HMRC clarifies 'requirement to correct' penalties

(Pinsent Masons) -- The UK's HM Revenue & Customs (HMRC) has revised its guidance to clarify that a 'failure to correct' penalty will not be charged under newly introduced rules if full disclosure of an offshore tax irregularity is not made by 30 September, as long as the fact that an offshore tax irregularity exists is disclosed by that deadline and the full disclosure is made by 29 December 2018

Taxpayers who have underpaid income tax, capital gains tax or inheritance tax involving offshore matters are required to correct past non-compliance before 30 September 2018. Only tax non-compliance committed before 6 April 2017 is covered.

A failure to correct by the deadline means HMRC will be given a further four years beyond the usual timeframes in which to assess the under-declared tax and a new super penalty of between 100% and 200% of the potential lost revenue will be charged.  In the most serious cases a further penalty of up to 10% of the value of a relevant asset can also be imposed and HMRC will be able to ‘name and shame’ on their website.

The minimum 100% penalty will apply even where someone has been careless with their affairs - intent is not necessarily required.

"It is helpful that HMRC has updated its guidance to confirm that they will not charge a failure to correct penalty if a person notifies them there is a potential matter to be corrected by 30 September 2018, for example by registering under the Worldwide Disclosure Facility, and importantly, follows up with the relevant disclosure within the 90 day deadline of 29 December 2018," said Josie Hills a tax investigations expert at Pinsent Masons, the law firm behind Out-Law.com.

"The guidance allows breathing space to put together the full disclosure for those who have notified an irregularity before 30 September. However, with the main holiday period upon us, anyone who thinks they may have underpaid UK tax in respect of an offshore asset or matter needs to take specialist advice urgently as the initial disclosure must still be made by 30 September and it may take some time to quantify the amount of tax underpaid, particularly where complex structures are involved," she said.

"It is possible to withdraw a notification to correct where it is identified that a disclosure is not needed following notification so if there are any taxpayers who are uncertain about whether their affairs need to be regularised, they should err on the side of caution and notify before 30 September", Hills said.

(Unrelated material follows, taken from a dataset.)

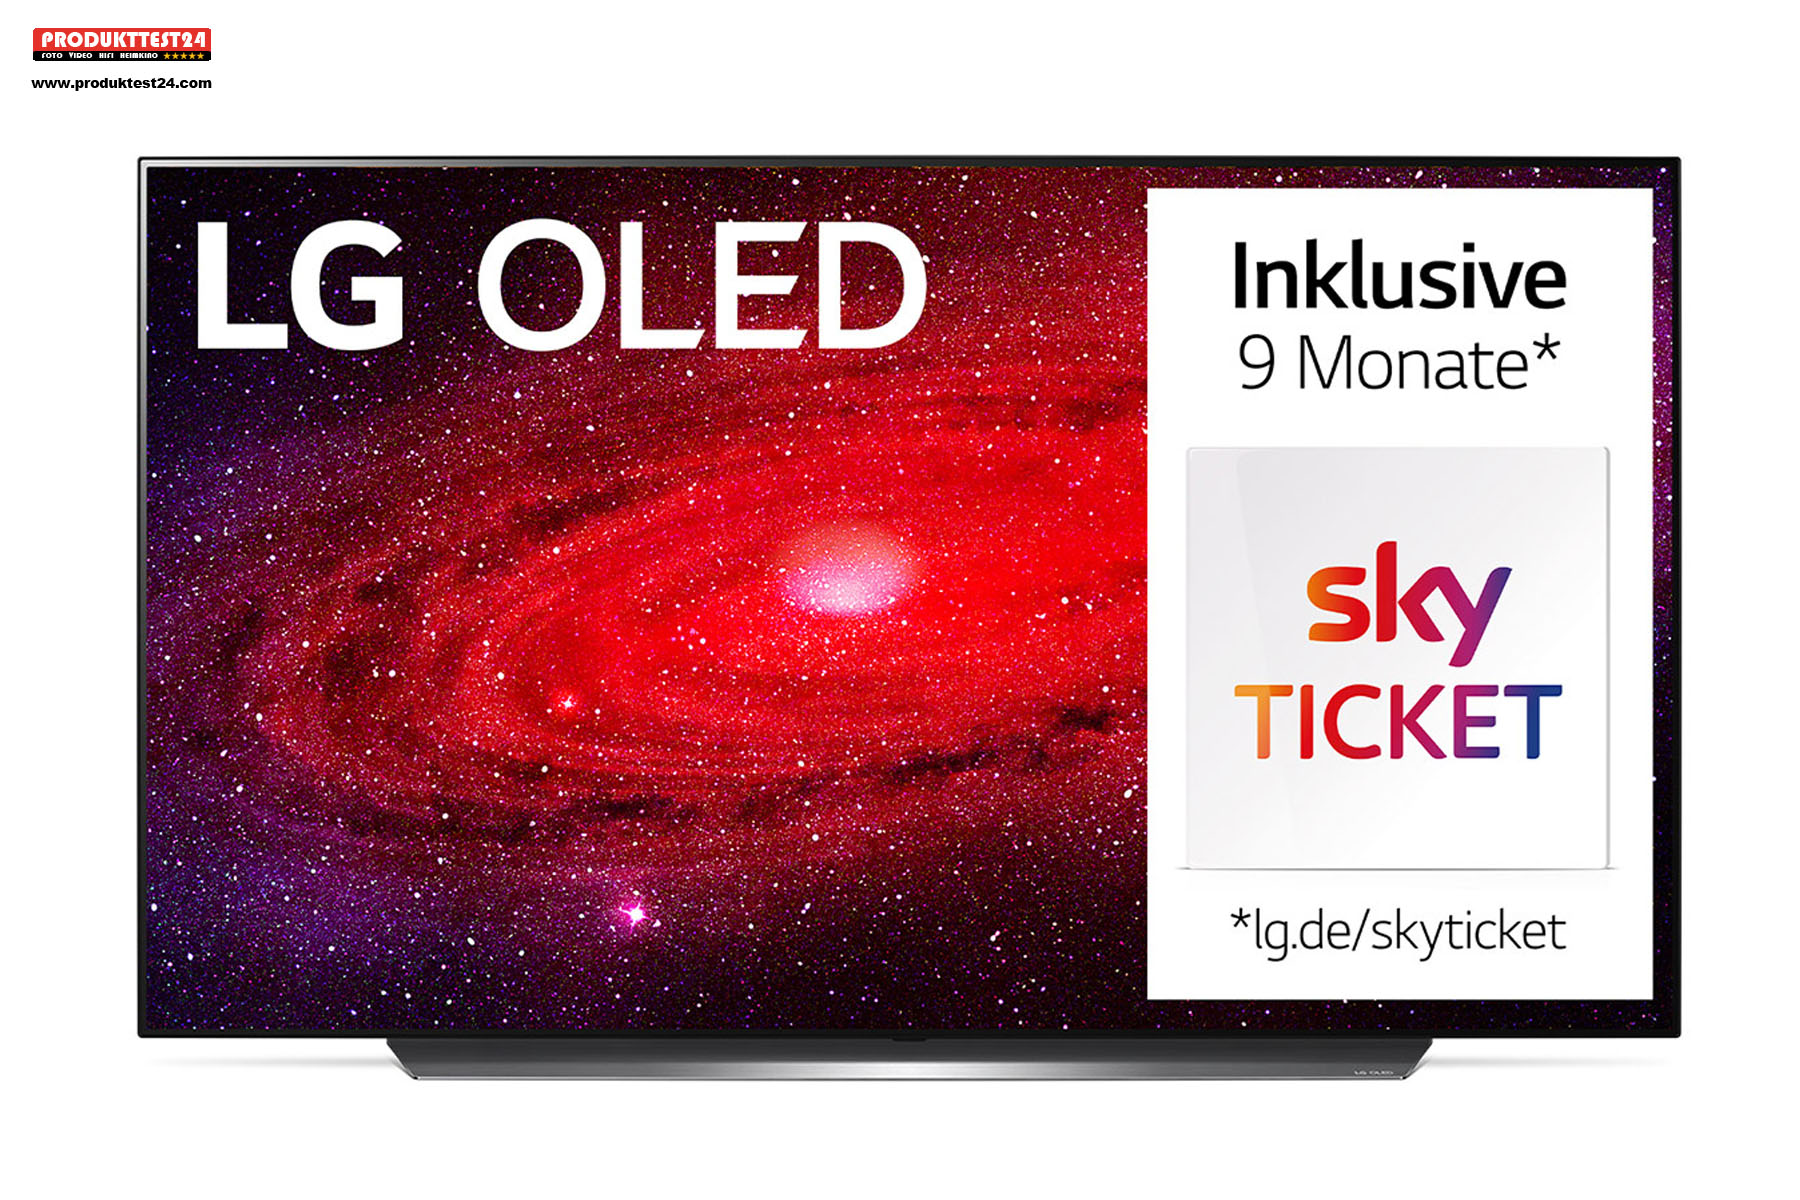 LG OLED65CX9LA - Das neue High End Modell aus dem Hause LG

"With HMRC about to get CRS disclosures about financial accounts held by UK taxpayers in around 100 countries, including major financial centres such as  Singapore, Switzerland, Hong Kong, Dubai, the chances of HMRC finding out about undeclared assets are greater now than ever before," she said.

The Common Reporting Standard (CRS) is an international measure whereby countries automatically exchange tax information about financial accounts held by non-residents. The first exchanges were made by early adopter countries in 2017, but 2018 sees exchanges being made for the first time by late adopter countries.

"Those who fail to correct face stringent financial penalties and in the most serious of cases, the prospect of a criminal prosecution," Josie Hills said.